October 05, 2005|By JAY HANCOCK

Warren Buffett's digestion is threatened these days by more than T-bone steaks and Dairy Queen ice cream. Often as not recently, the world's foremost dollar doubter has been waking up to find the greenback gaining in value, shaming its critics and costing him and his shareholders millions.

The dollar is on the march again after rising sharply this year against the euro, the British pound, the Swiss franc, the Japanese yen and other major currencies.

Who cares?

Berkshire Hathaway shareholders do. Not long after boss Buffett decided he was not just a stock-picker but an applied macroeconomist, competent to bet on global fund flows, Berkshire began lagging behind the stock market. Last month, Berkshire shares hit their lowest point in almost two years, although the drop is partly connected to anticipated costs from hurricane-insurance claims.

But dollar strength matters for everybody else in the economy, too.

If the greenback continues to rise or at least maintains most of its recent gains - and there is no reason why it shouldn't, barring some unforeseen shock - many scary stories you've heard about the future U.S. economy won't come true.

Dollar strength means the Chinese, Indians, Japanese and world's other great savers will continue to finance U.S. consumers with low long-term interest rates.

Dollar strength suggests U.S. housing prices will level off or fall only slightly after their spectacular rise, avoiding the mortgage-rate spike that some believed would cause a crash. Dollar strength means that non-petroleum imports will stay cheap and that the country will avoid a bad inflation problem.
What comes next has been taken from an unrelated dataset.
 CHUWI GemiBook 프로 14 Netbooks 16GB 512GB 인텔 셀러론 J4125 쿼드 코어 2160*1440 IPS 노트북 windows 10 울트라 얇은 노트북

Dollar strength implies continued health in U.S. stock and bond markets and continued cheap access to capital for U.S. companies needing to expand or upgrade. And dollar strength means the United States can afford to keep acting as the global buyer of first and last resort, saving the world from a bad recession and all the accompanying grief and turmoil.
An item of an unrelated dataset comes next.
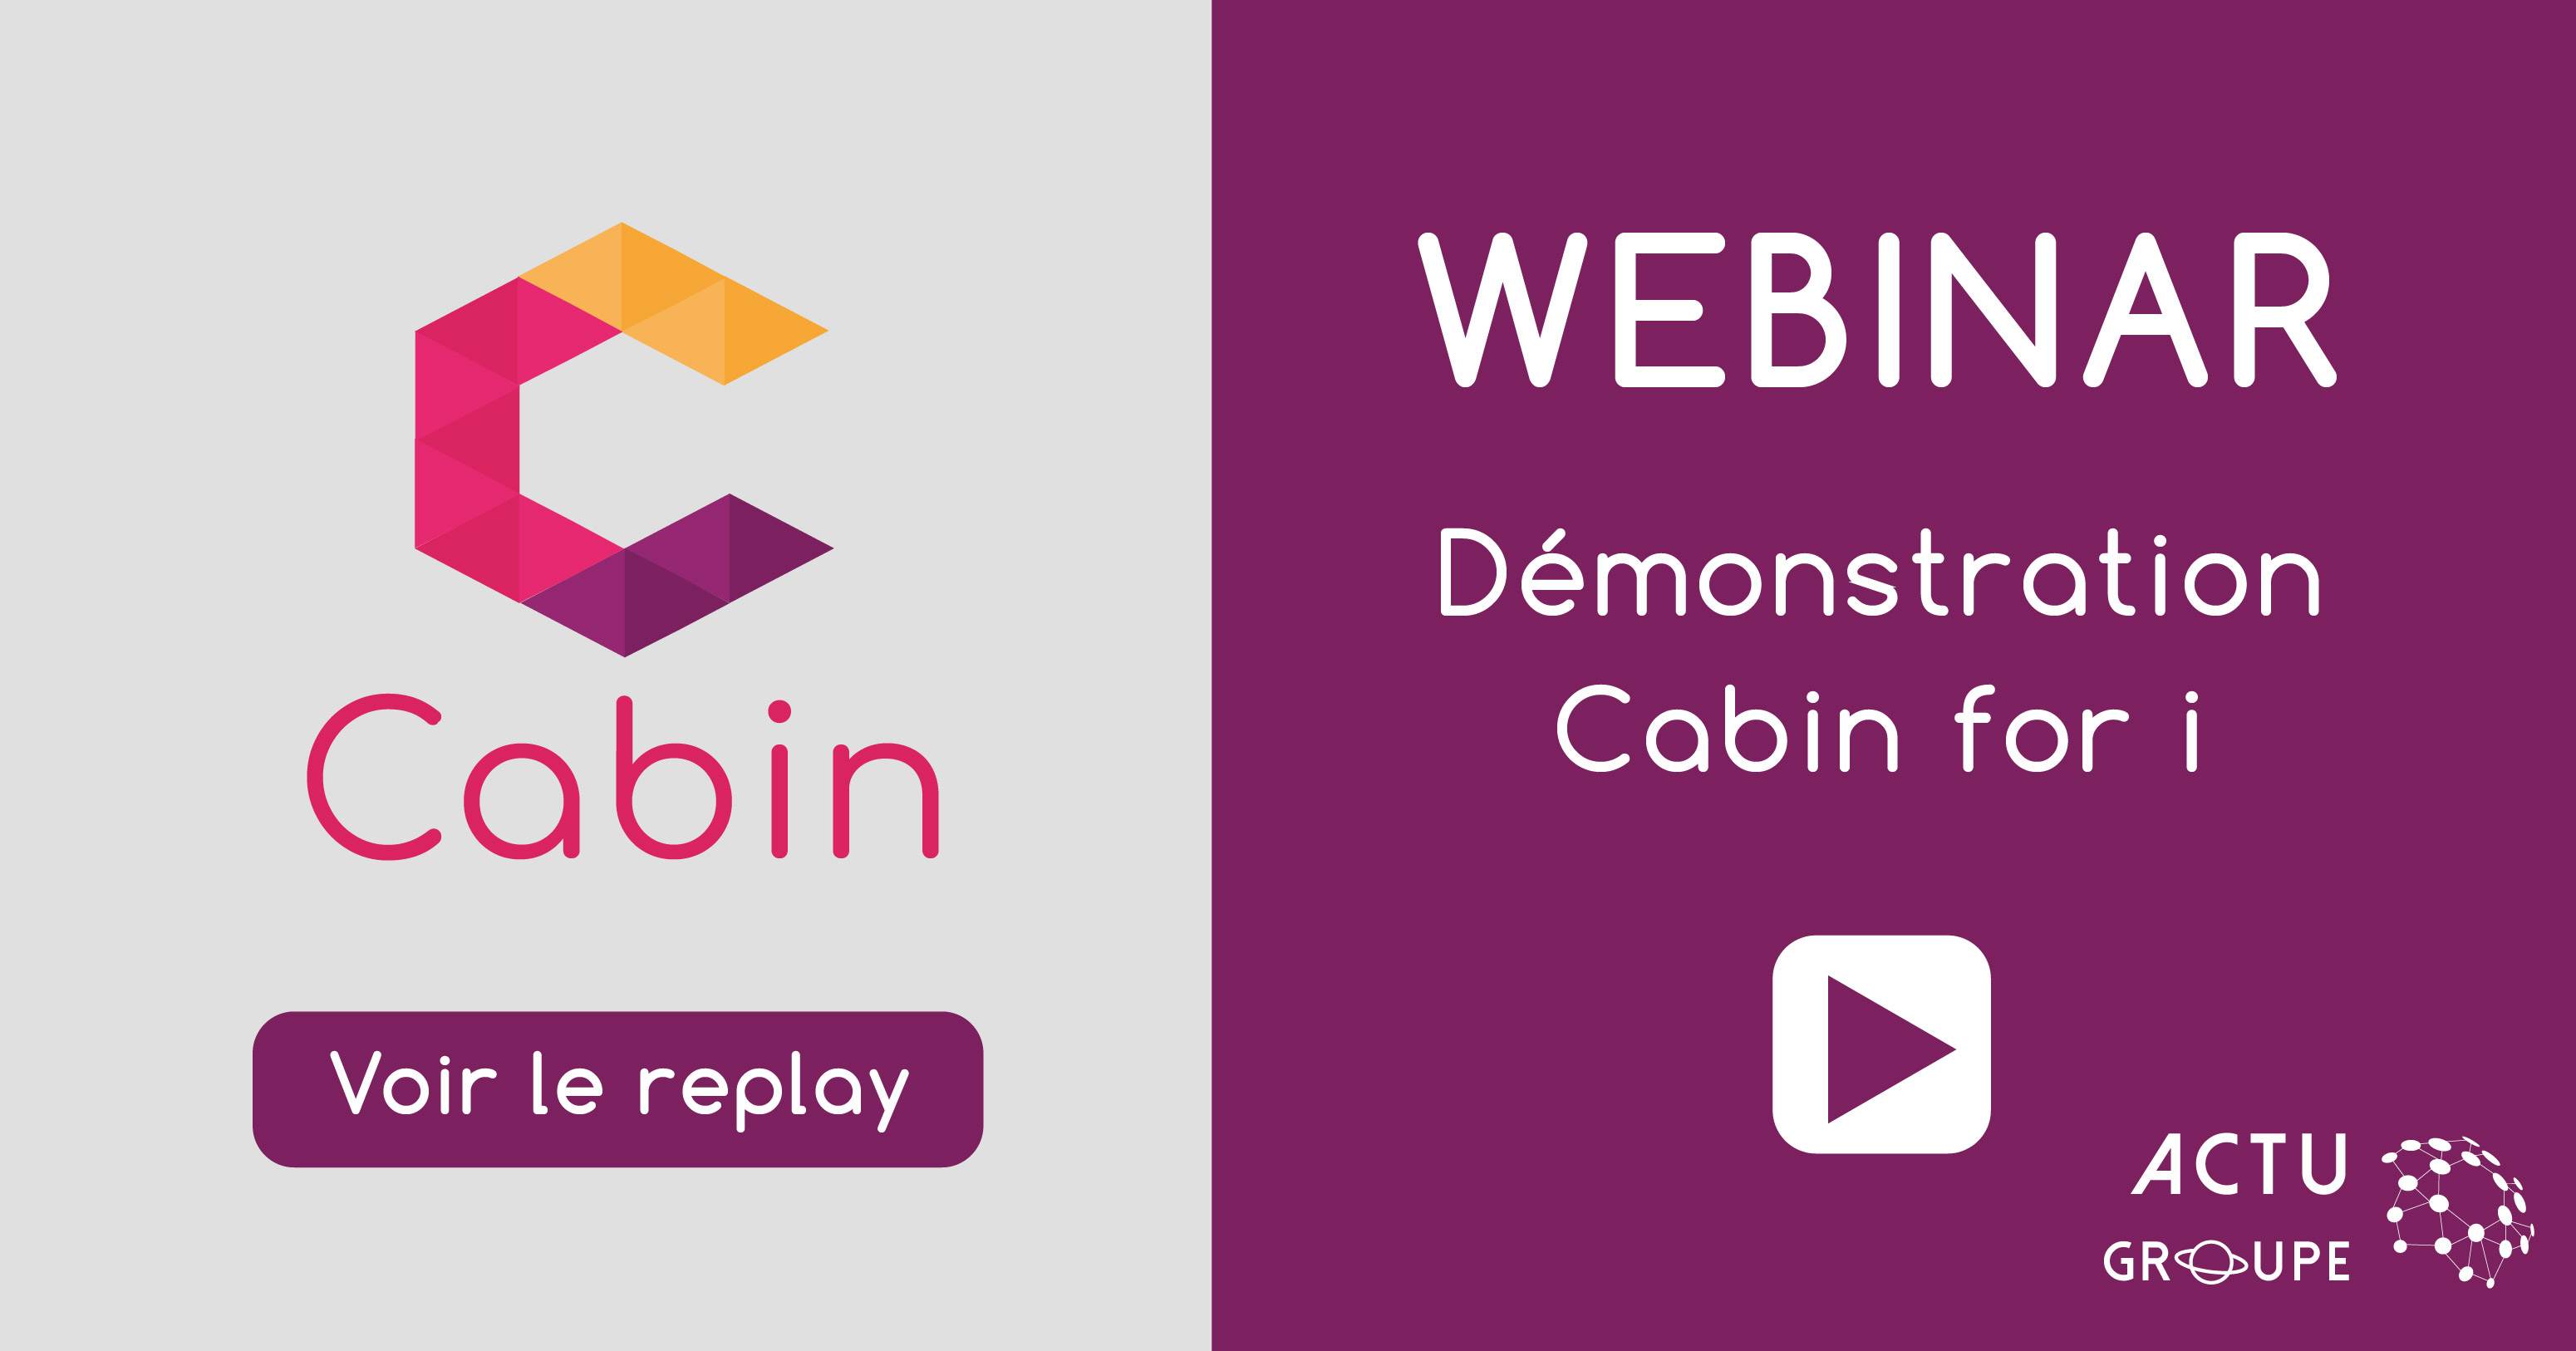 webinar_cabin_for_i_actu_groupe

Buffett and the other dollar bears bought into one of the oldest dollar-disaster scenarios in the book. They saw Federal Reserve chief Alan Greenspan pumping up the dollar supply from 2001 to 2004, which naturally was supposed to lower the price.

They saw soaring U.S. consumer debt, government debt and trade deficits, which raised questions about the American balance sheet and the country's ability to repay. And they figured that at some point central banks and other investors would lose confidence and dump U.S. stocks and bonds, sending the dollar sharply southward.
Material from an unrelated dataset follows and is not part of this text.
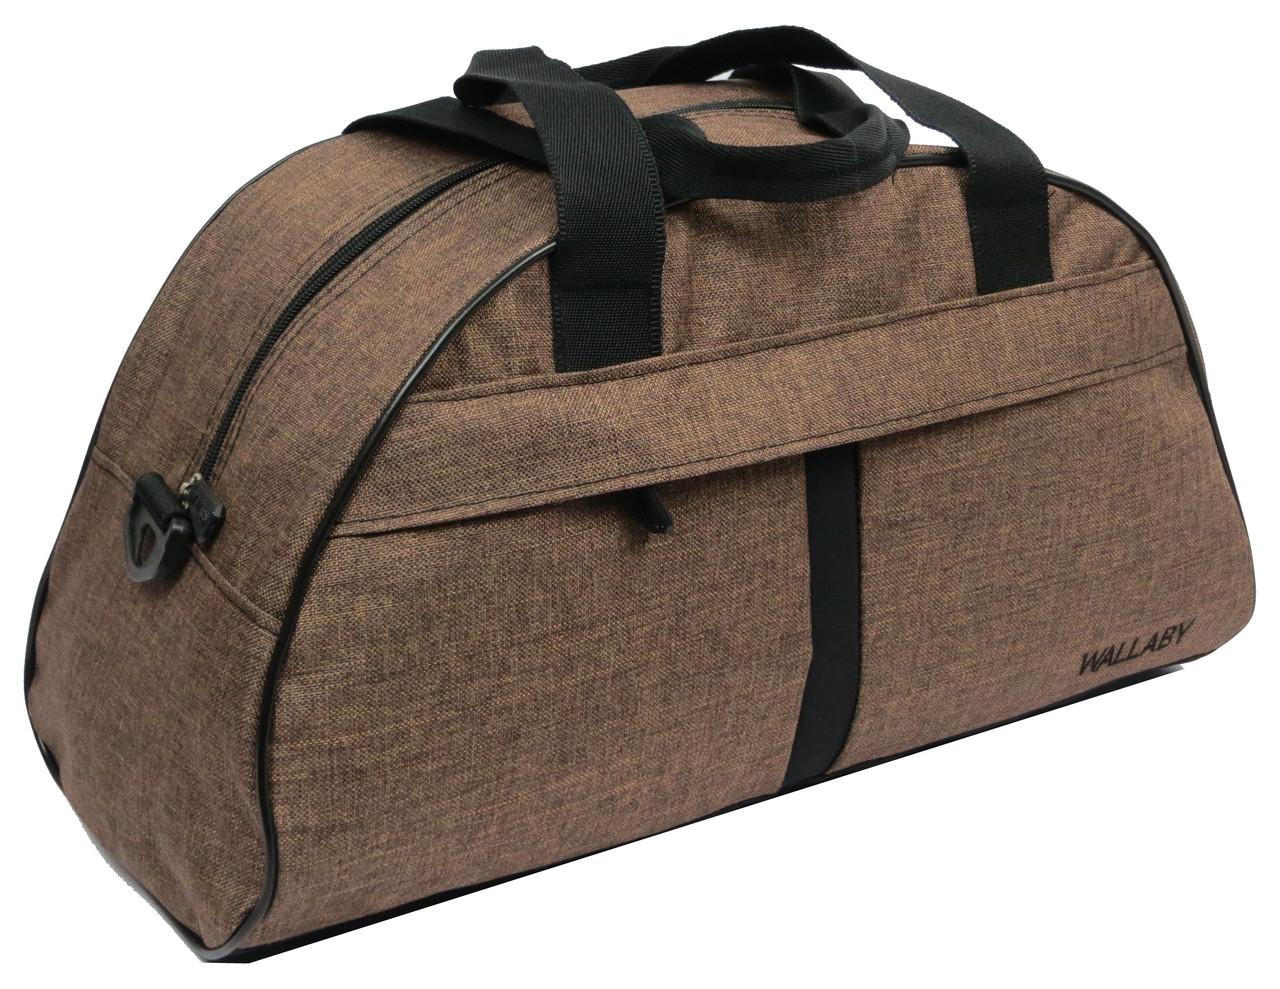 Спортивная сумка для тренировок, фитнеса 16 л Wallaby 213-1 коричневая

So far they have been mostly wrong. It's true that Buffett is probably still ahead on his anti-dollar bets, which began in 2002 and involve contracts relating to the dollar's value versus the euro, British pound or other foreign currencies.

But from January through June of this year, Berkshire showed paper losses of nearly $1 billion on currency bets. The dollar fell a bit over the first part of summer but regained ground in September, so Buffett may show another loss for the third quarter.

On the year, the dollar has risen more than 10 percent against the euro, yen, Swiss franc and other currencies. The euro is close to its 2005 low of $1.187. Since early September, the dollar has risen 2.6 percent against a basket of currencies issued by U.S. trading partners.

And as Greenspan keeps reversing his former lavishness by raising short-term interest rates and making short-term U.S. paper more attractive, currency geeks are wondering whether Buffett will throw in the towel and cancel his bets by buying dollars, which would propel the greenback even higher.

What happened? For all its flaws, the U.S. economy is still the most dynamic and robust in the world, practically demanding that investors buy dollars and put their money here. The key variable as always is labor productivity - economic output per worker, which is a good long-term predictor of rising corporate profits, worker pay and tax revenue.

Since the mid-1990s, U.S. productivity growth has recovered from its 1970s-1980s slump and furnished the nation with the ability to handle its enormous debts. U.S. productivity growth has exceeded 3 percent the past three years and might do so again this year; Europe's productivity growth rate, on the other hand, sometimes flirts with zero. Where would you put your money?

A strong dollar is not pain-free. It hurts manufacturers and factory workers because it makes imports cheap and exports expensive. And although rising productivity eventually leads to higher worker incomes, this time it's taking a darn long time to do so.

But on the whole, you'd rather have a strong national currency than the opposite. Maybe Buffett should switch back to a pure stock portfolio. Or Maalox.